▶ GIVEN MATERIAL:
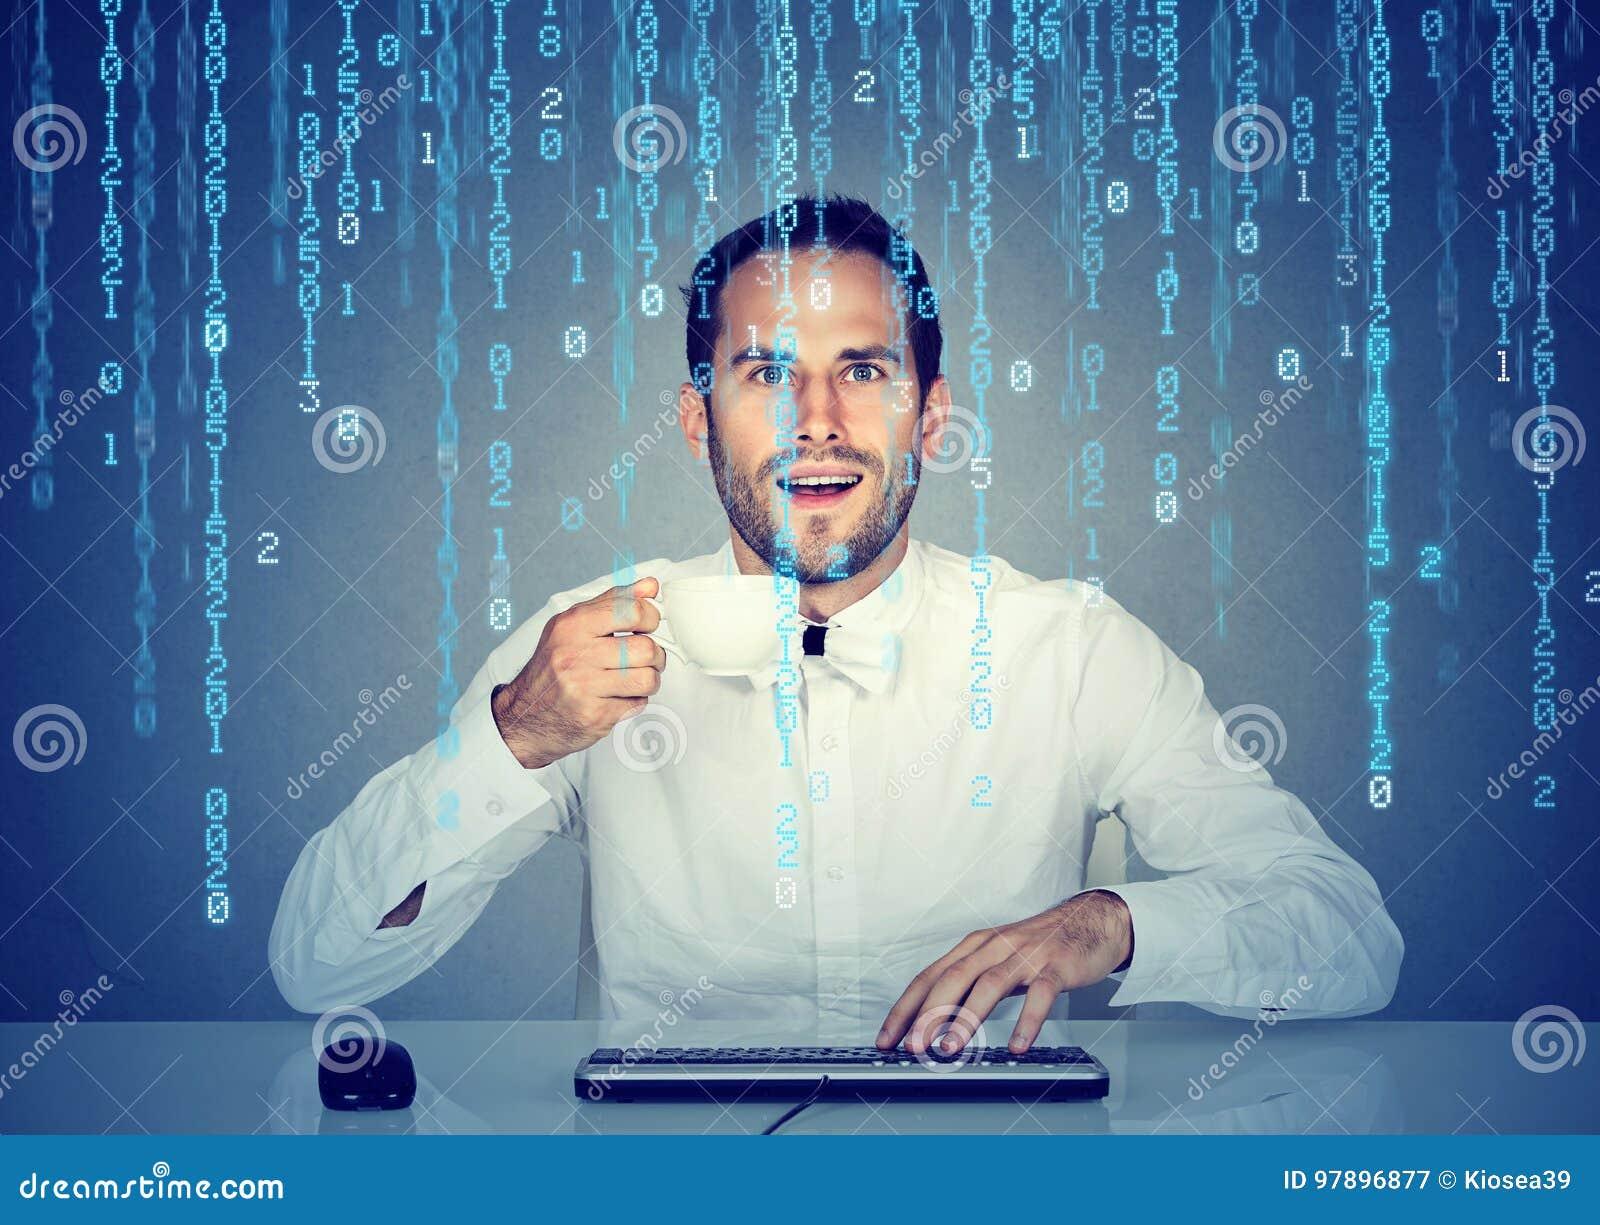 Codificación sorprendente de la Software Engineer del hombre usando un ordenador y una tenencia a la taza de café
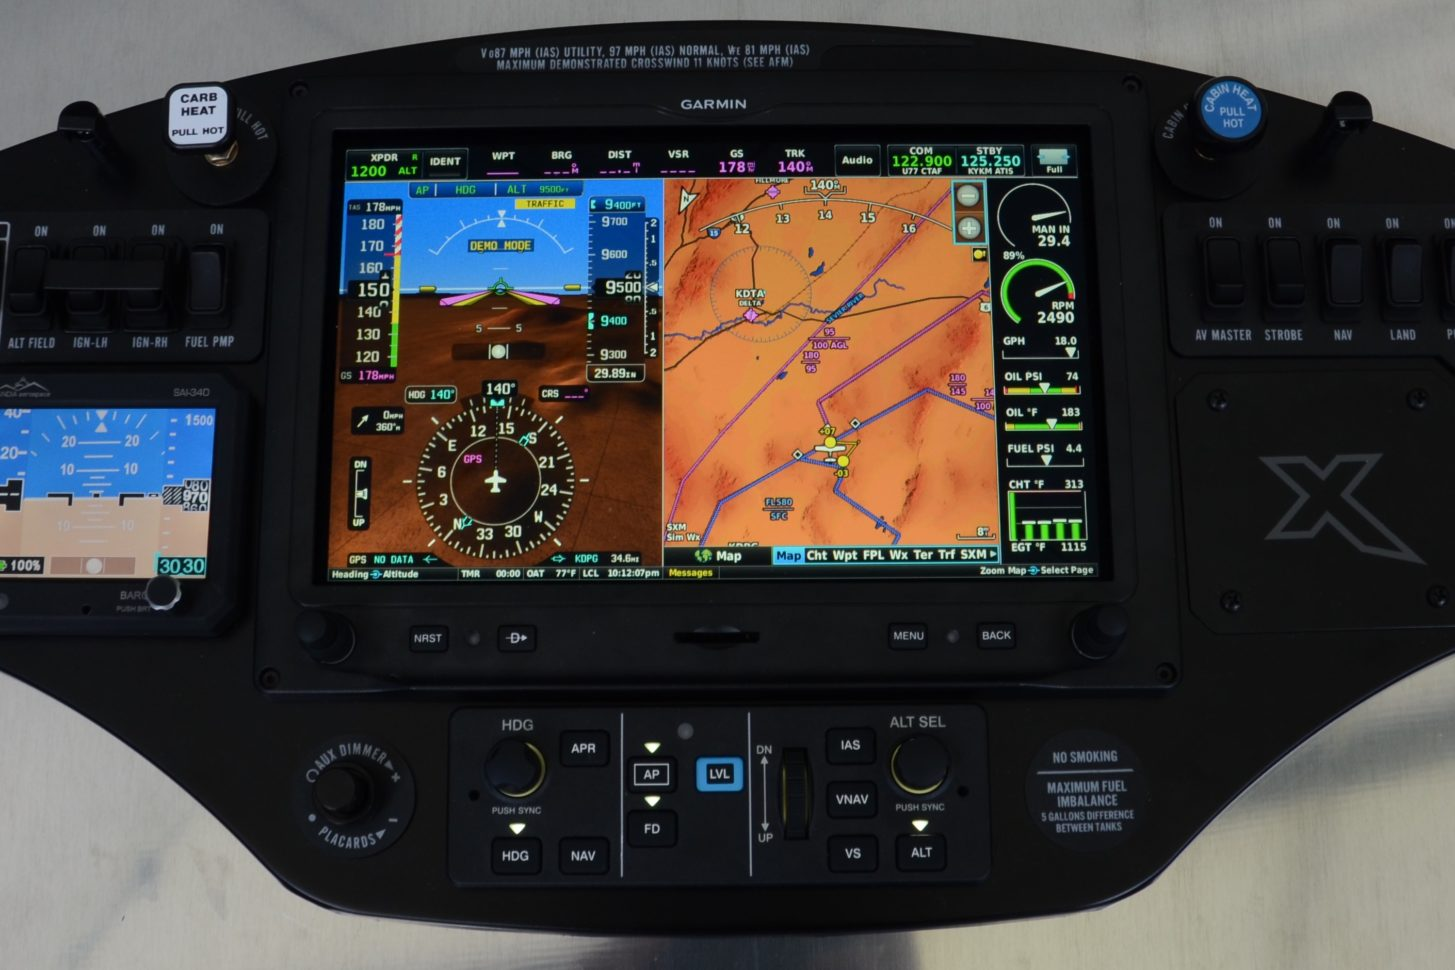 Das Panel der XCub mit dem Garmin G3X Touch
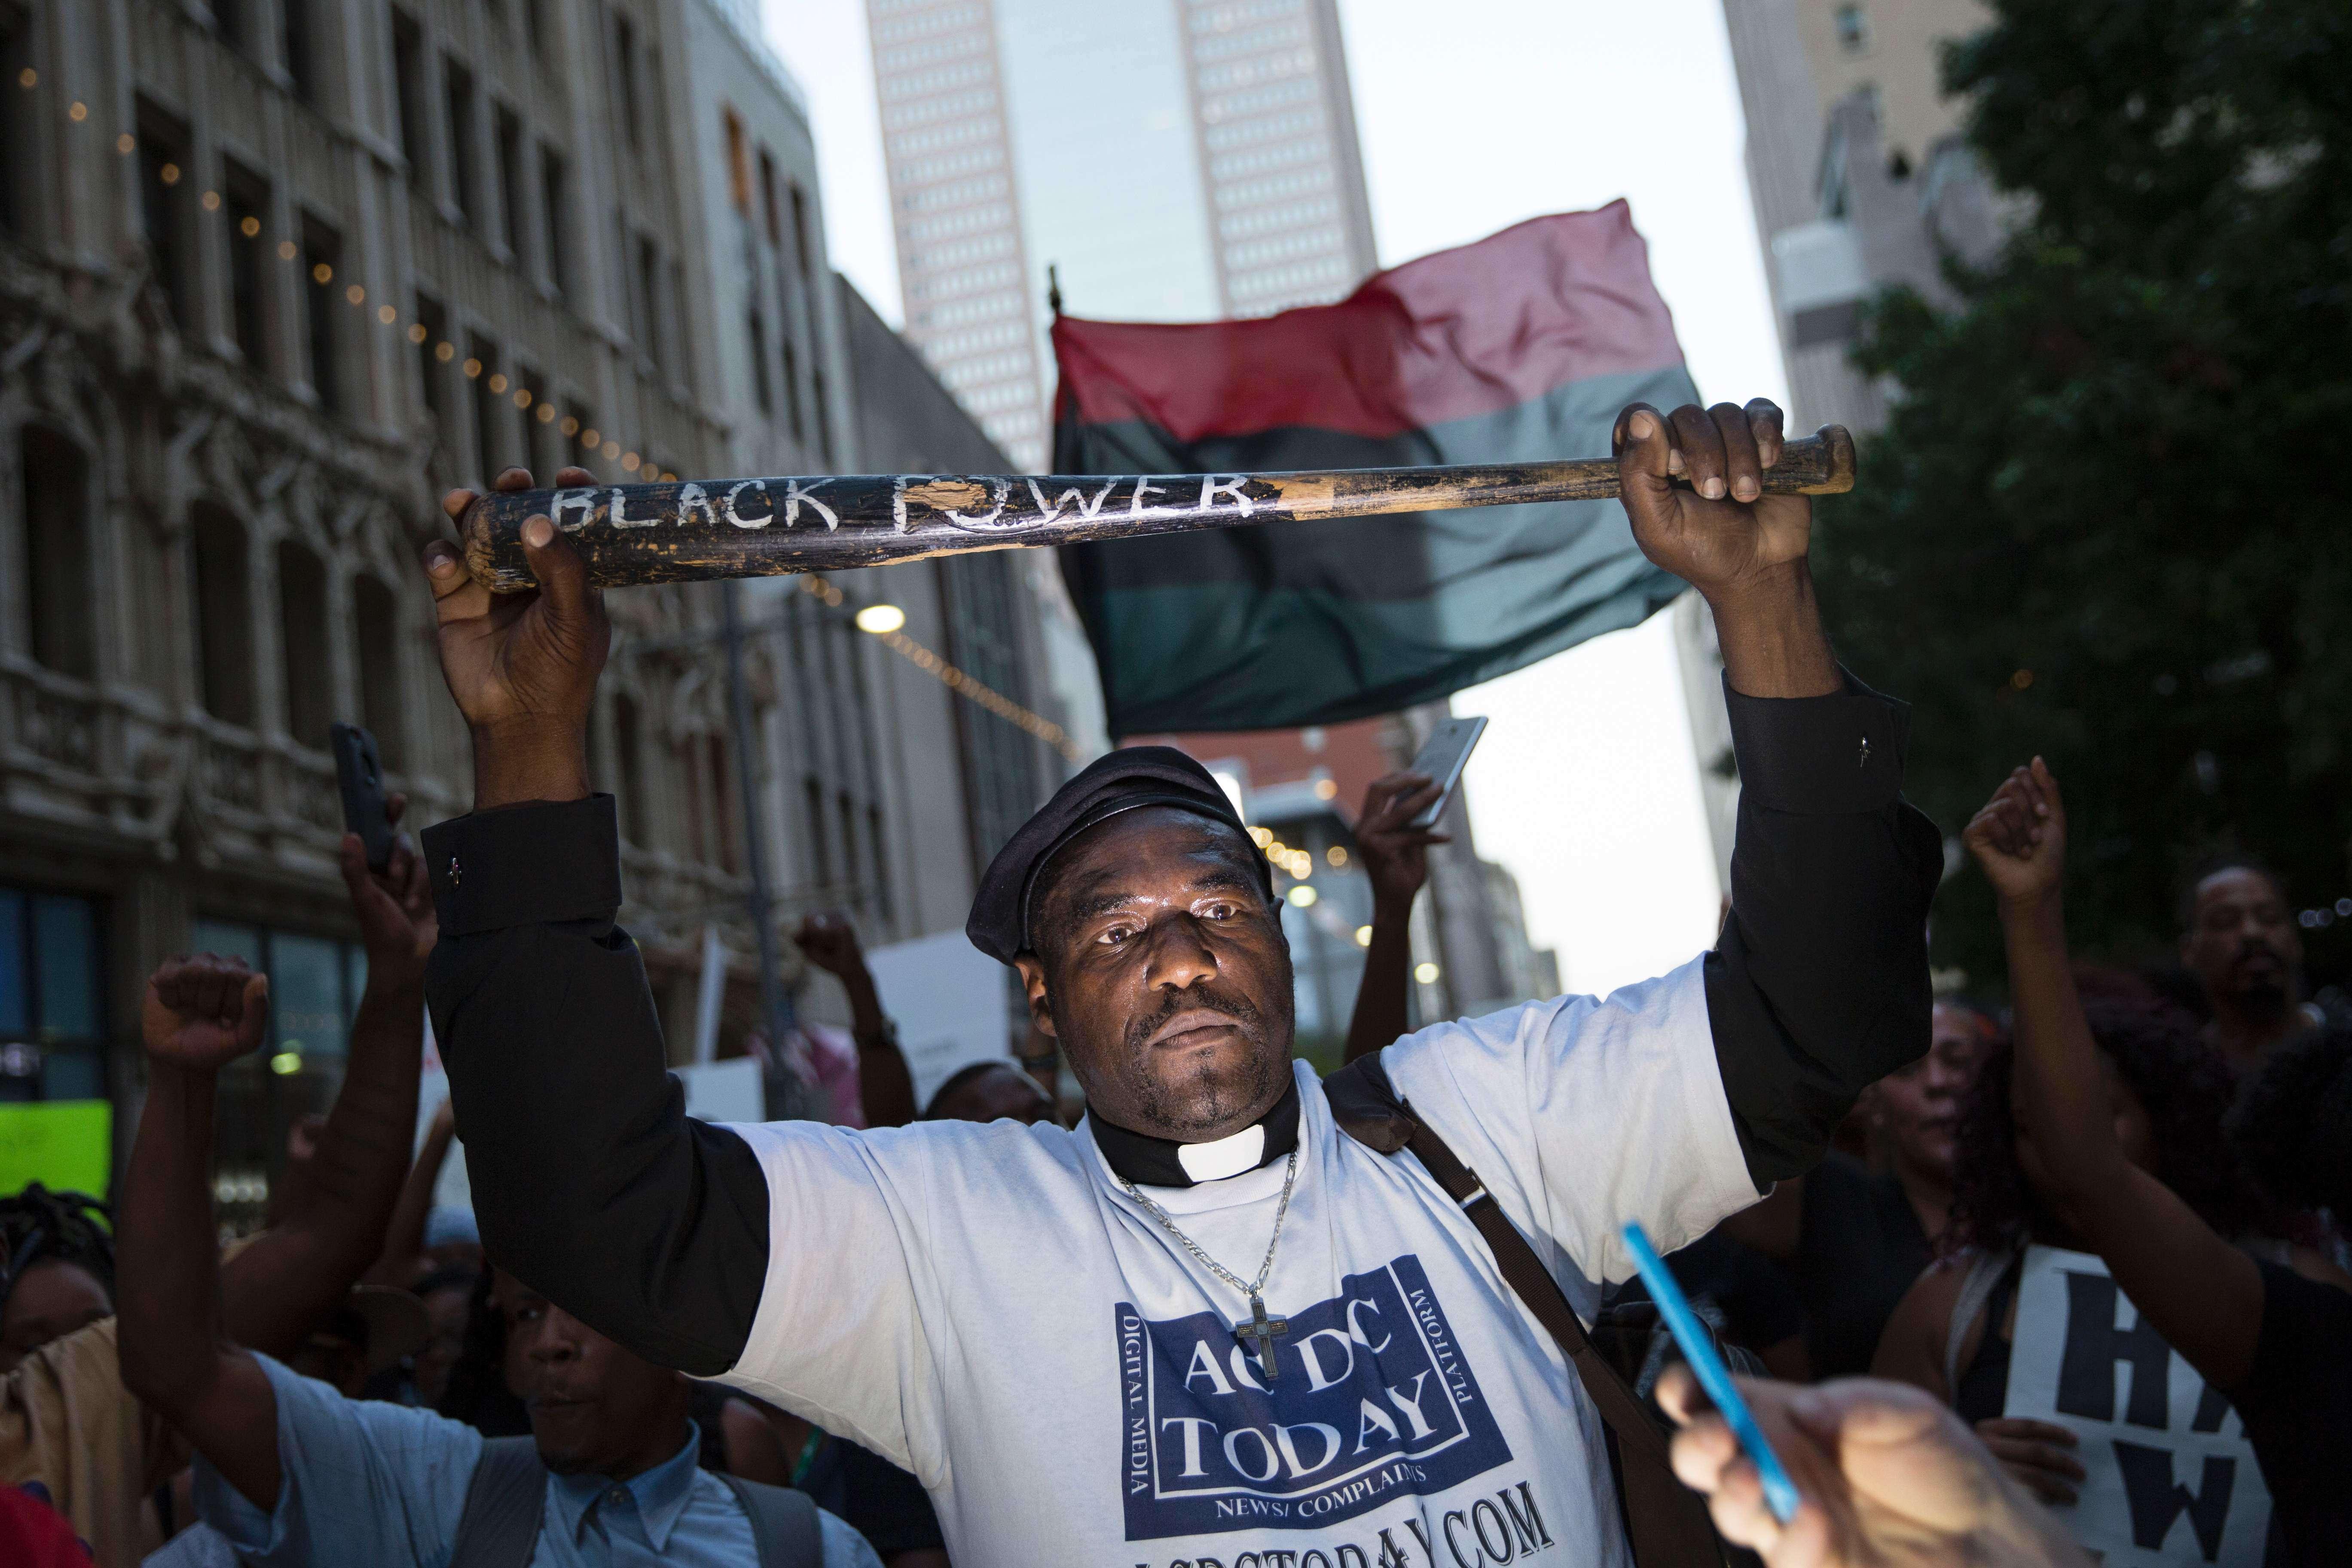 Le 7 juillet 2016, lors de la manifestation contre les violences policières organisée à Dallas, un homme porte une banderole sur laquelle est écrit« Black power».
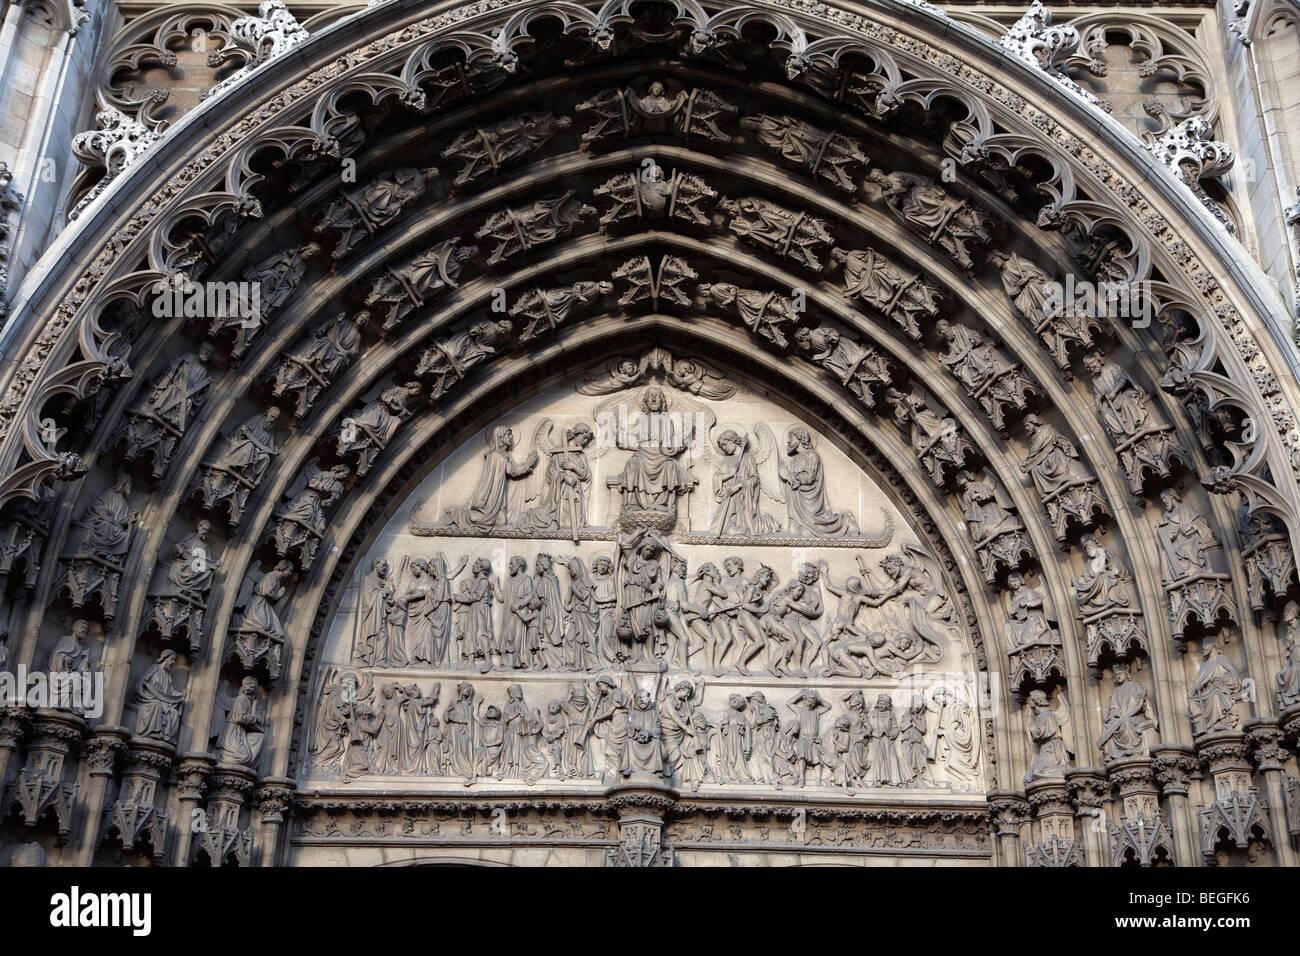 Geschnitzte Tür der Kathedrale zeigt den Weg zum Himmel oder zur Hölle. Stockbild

▶ EXERCISE REQUIREMENTS:
With pictures excluded, the material is to be written out exactly as given.

▶ ANSWER SPACE:
 Codificación sorprendente de la Software Engineer del hombre usando un ordenador y una tenencia a la taza de café
 Das Panel der XCub mit dem Garmin G3X Touch
 Le 7 juillet 2016, lors de la manifestation contre les violences policières organisée à Dallas, un homme porte une banderole sur laquelle est écrit« Black power».
 Geschnitzte Tür der Kathedrale zeigt den Weg zum Himmel oder zur Hölle. Stockbild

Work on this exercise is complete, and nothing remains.